- **Assigned task**
Once the line holding "Haiti 50 Centimes" appears, repeat it and each line after it to the end of the data, exactly and with nothing else; pictures stay out.

- **Data section**

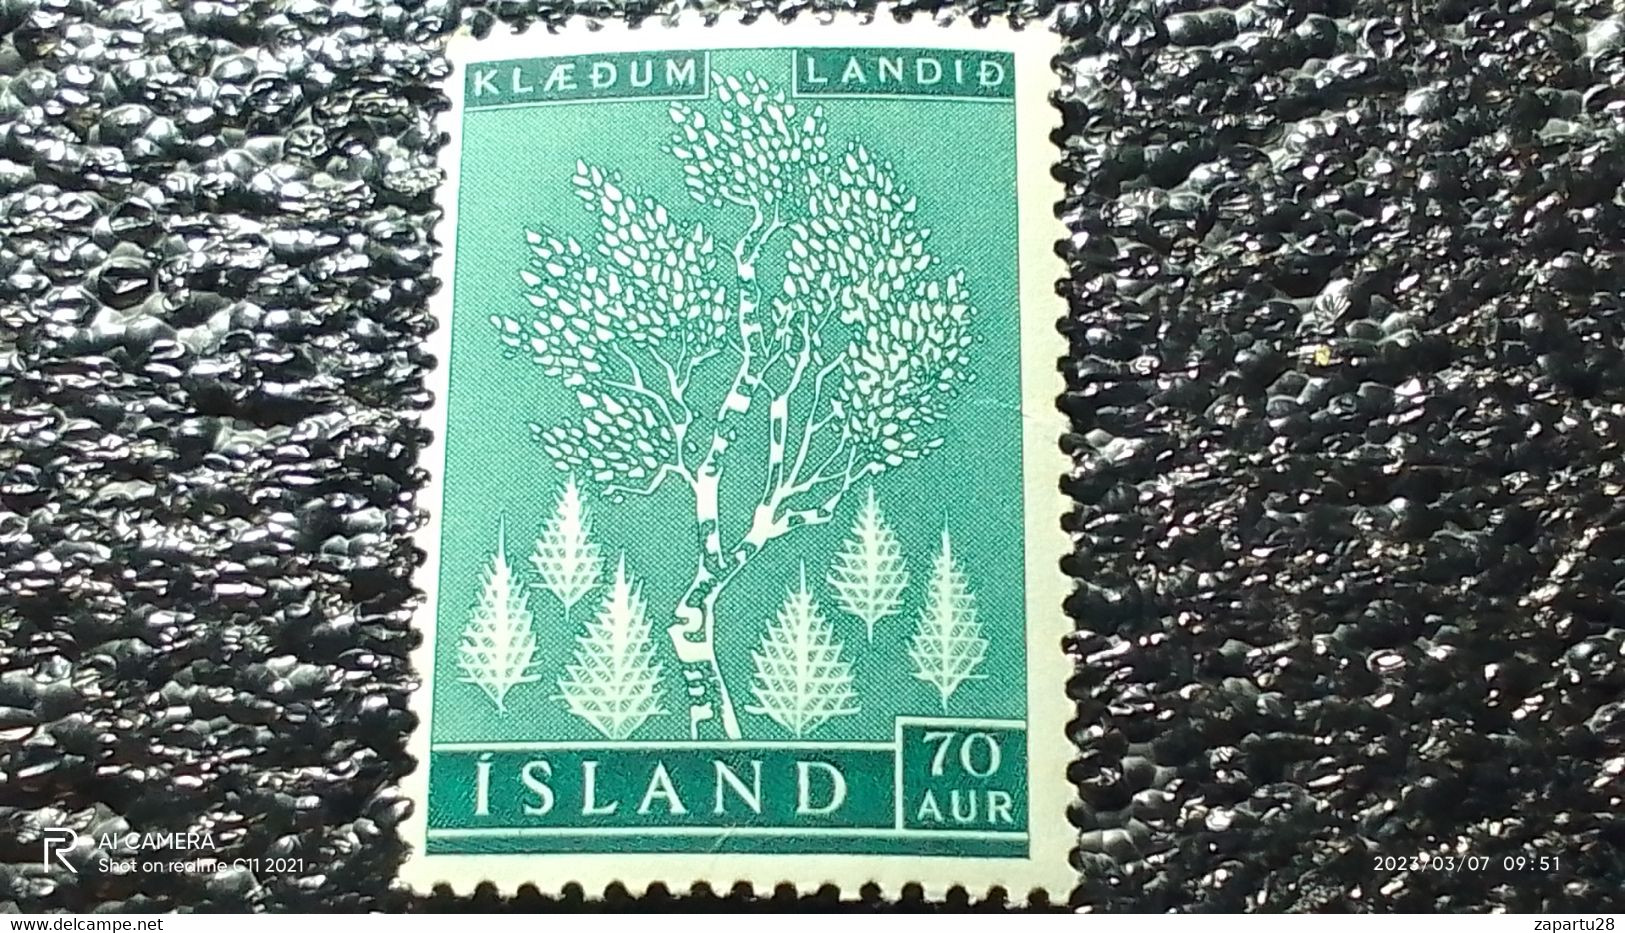 ISLAND-1950- 1960        70AUR   UNUSED - Nuevos
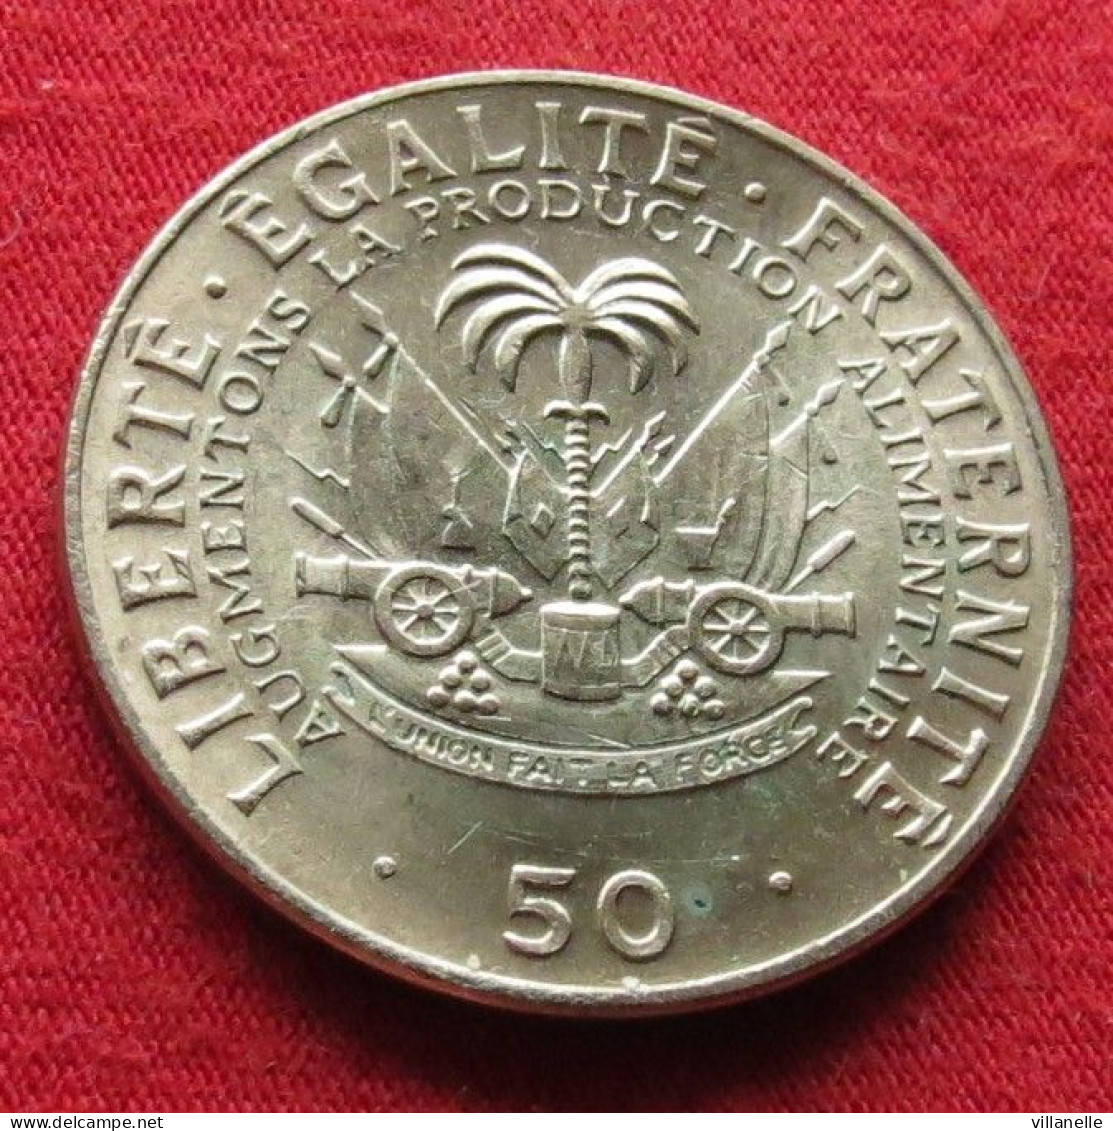 Haiti 50 Centimes 1972 FAO F.a.o. UNC ºº - Haití
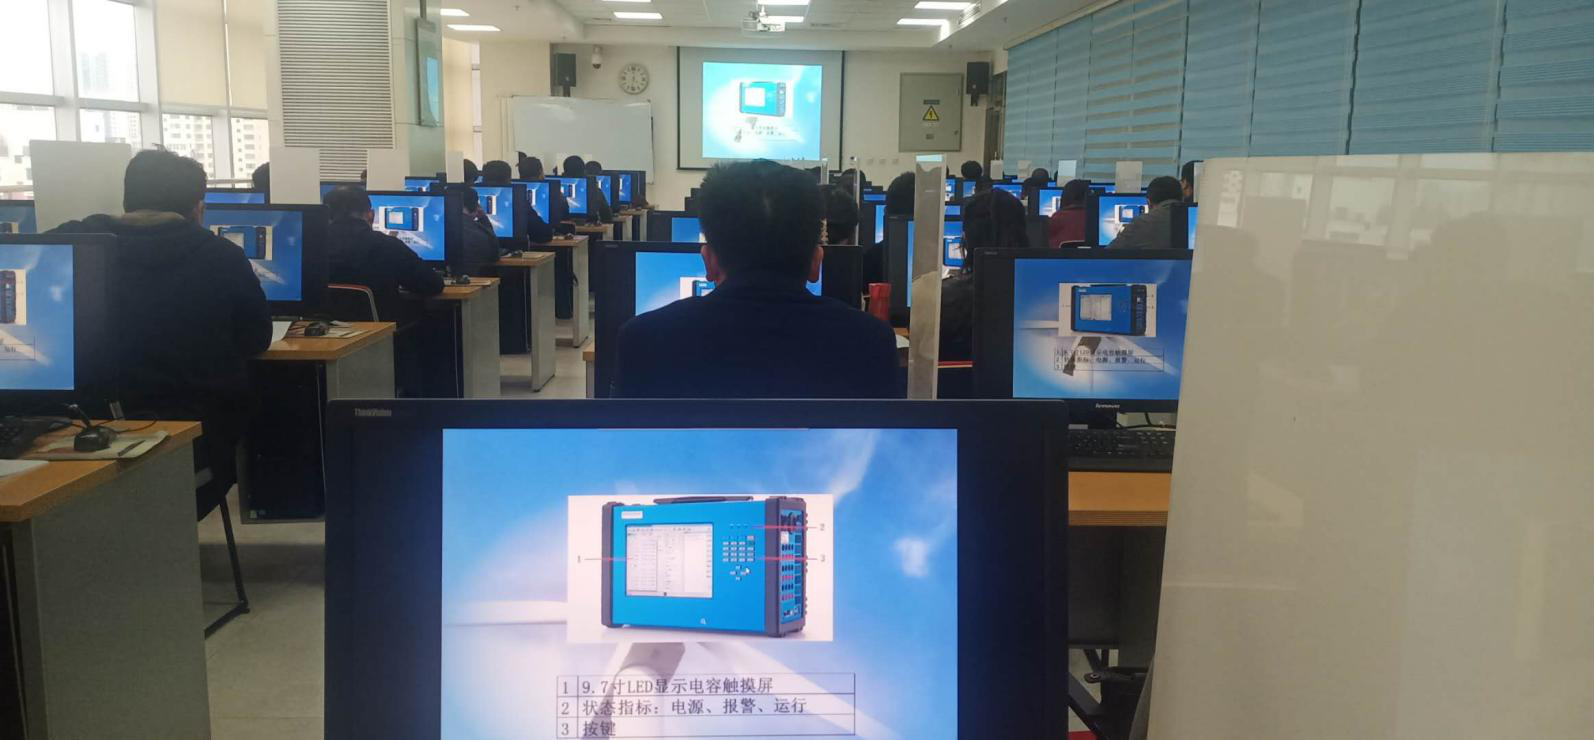 O treinamento KF86 foi realizado com sucesso na província de Gansu.

- **Output for this exercise**
 Haiti 50 Centimes 1972 FAO F.a.o. UNC ºº - Haití
 O treinamento KF86 foi realizado com sucesso na província de Gansu.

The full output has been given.